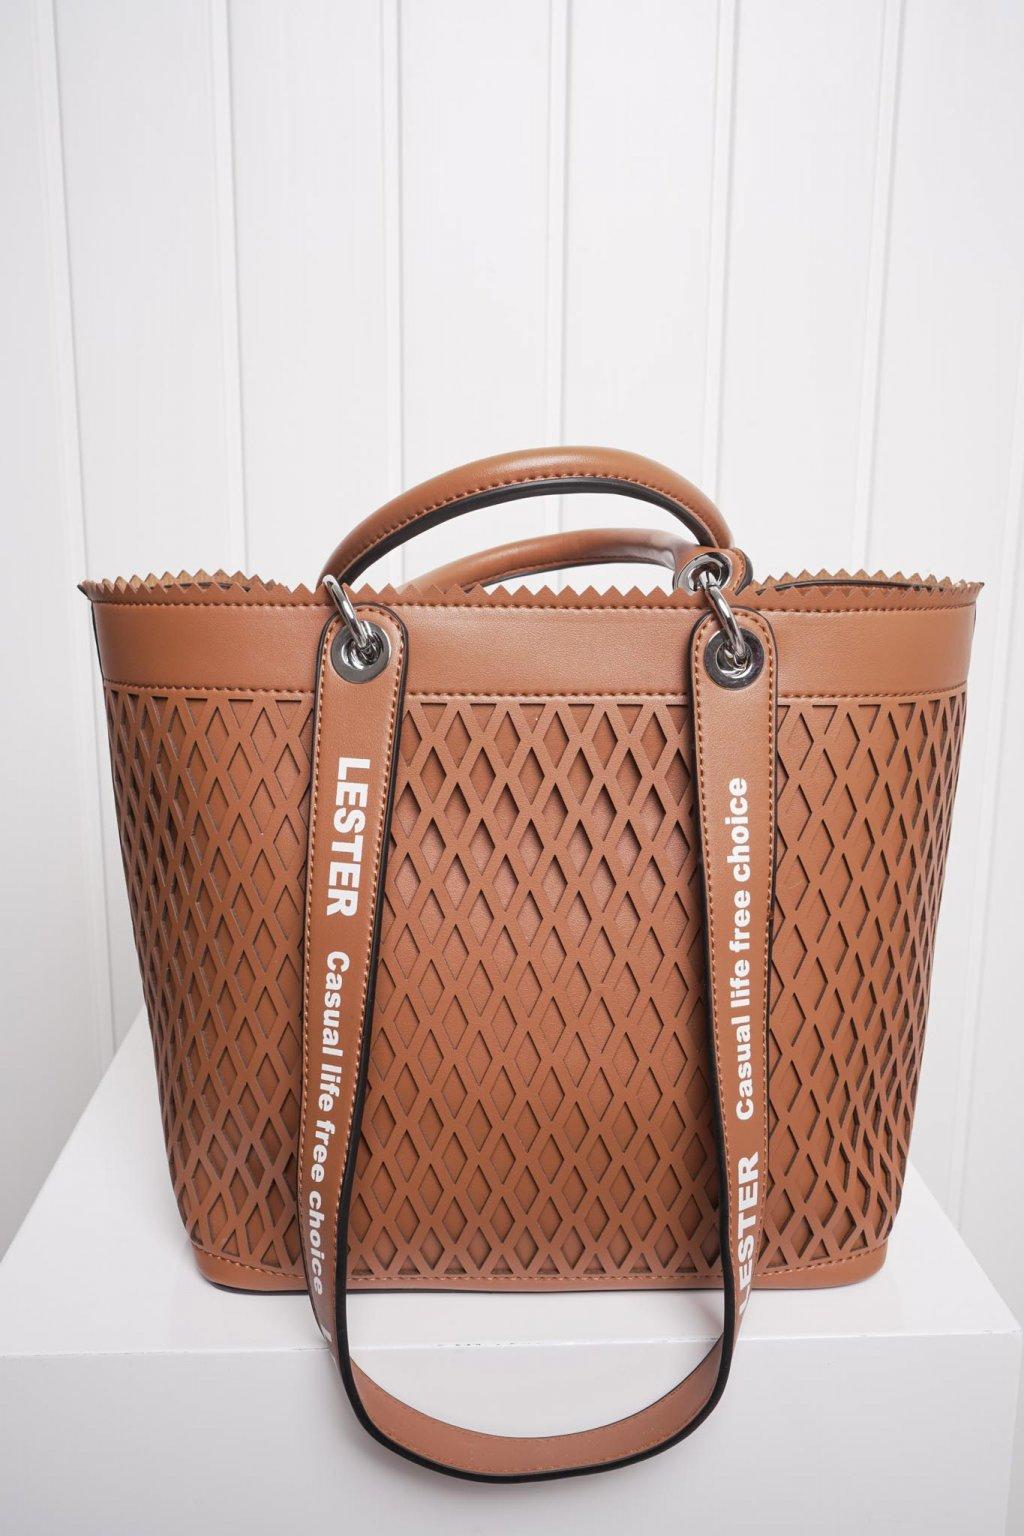 Kabelka, ruksak, dobrá cena, čierna kabelka, čierny ruksak, basic, kabelky, ruksaky 042
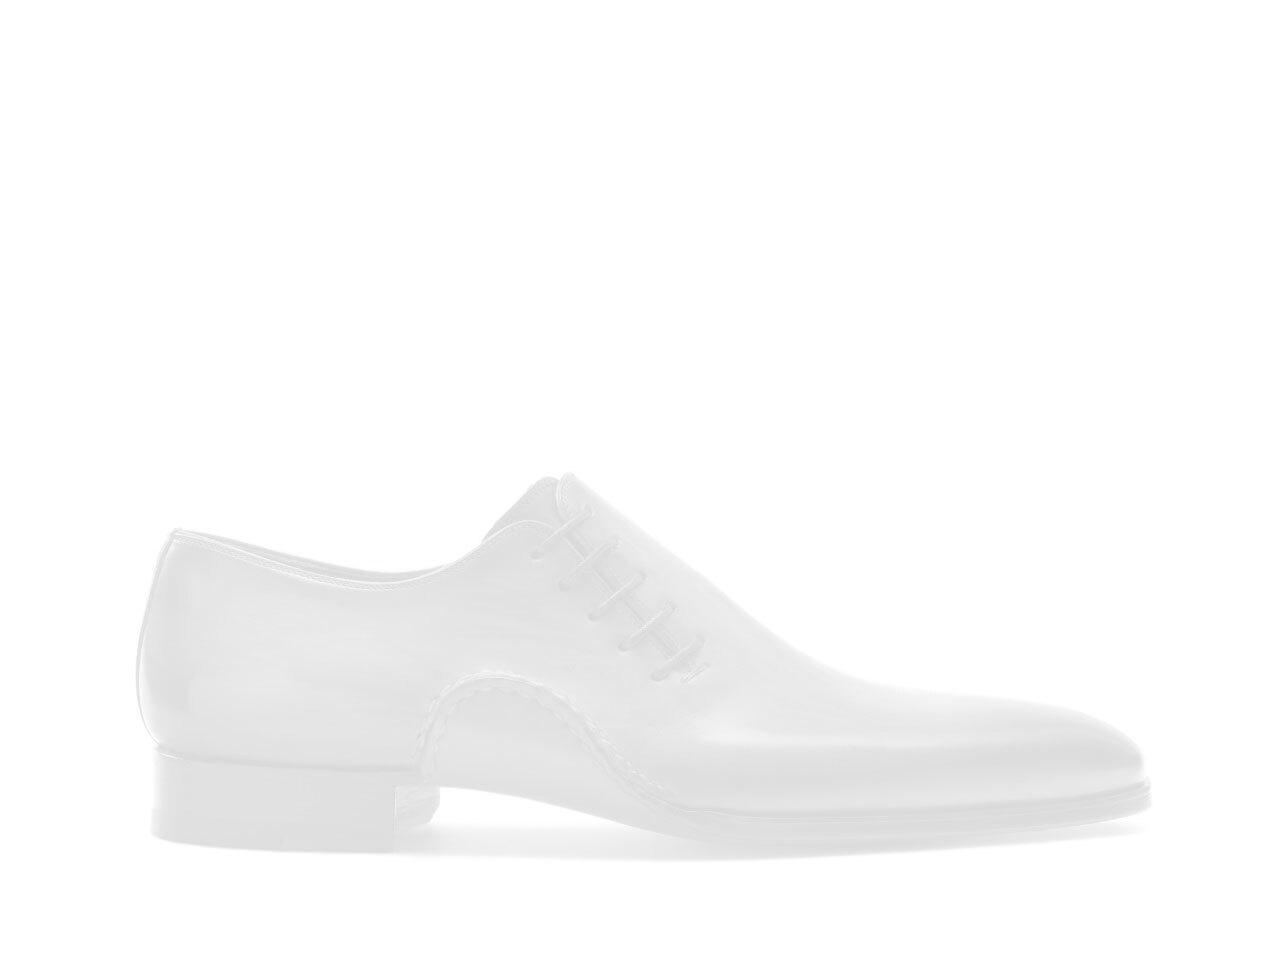 Side view of the Magnanni Camarena Cuero Men's Sneakers
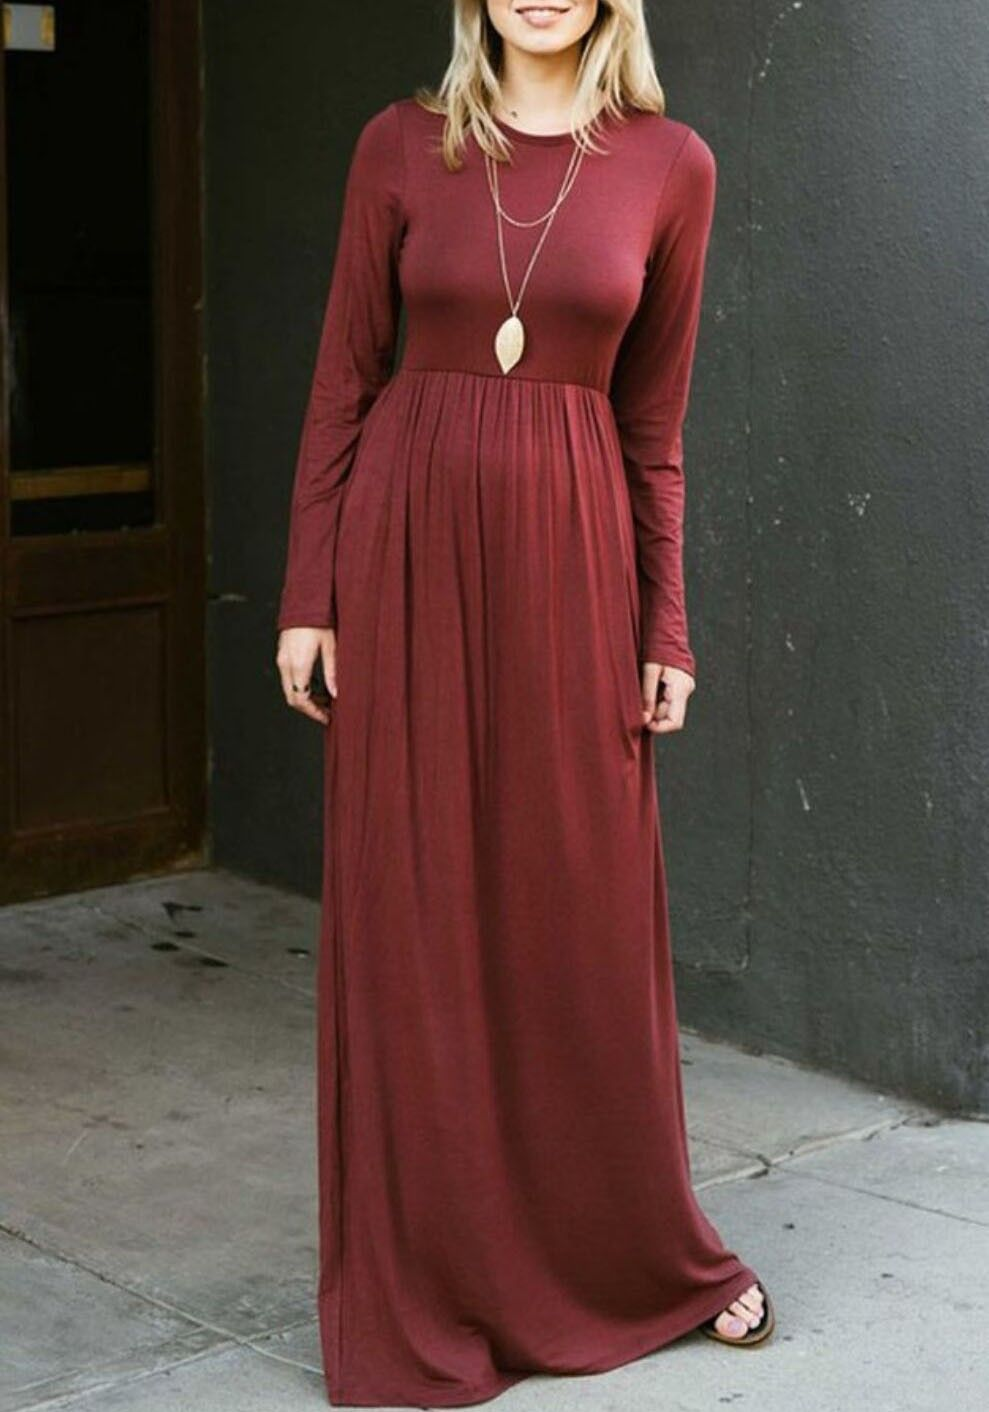 Wine Red Draped Pockets Round Neck Long Sleeve Casual Maxi Dress Maxi Dress Shop Maxi Dresses Womens Maxi Dresses [ 1412 x 989 Pixel ]

= = = =

** WORK TO BE COMPLETED **
Please copy, exactly and only, the lines of the listing that run from the one holding "Side view of" through its last line, and exclude pictures.

** EXERCISE RESULT **
 Side view of the Magnanni Camarena Cuero Men's Sneakers
 Wine Red Draped Pockets Round Neck Long Sleeve Casual Maxi Dress Maxi Dress Shop Maxi Dresses Womens Maxi Dresses [ 1412 x 989 Pixel ]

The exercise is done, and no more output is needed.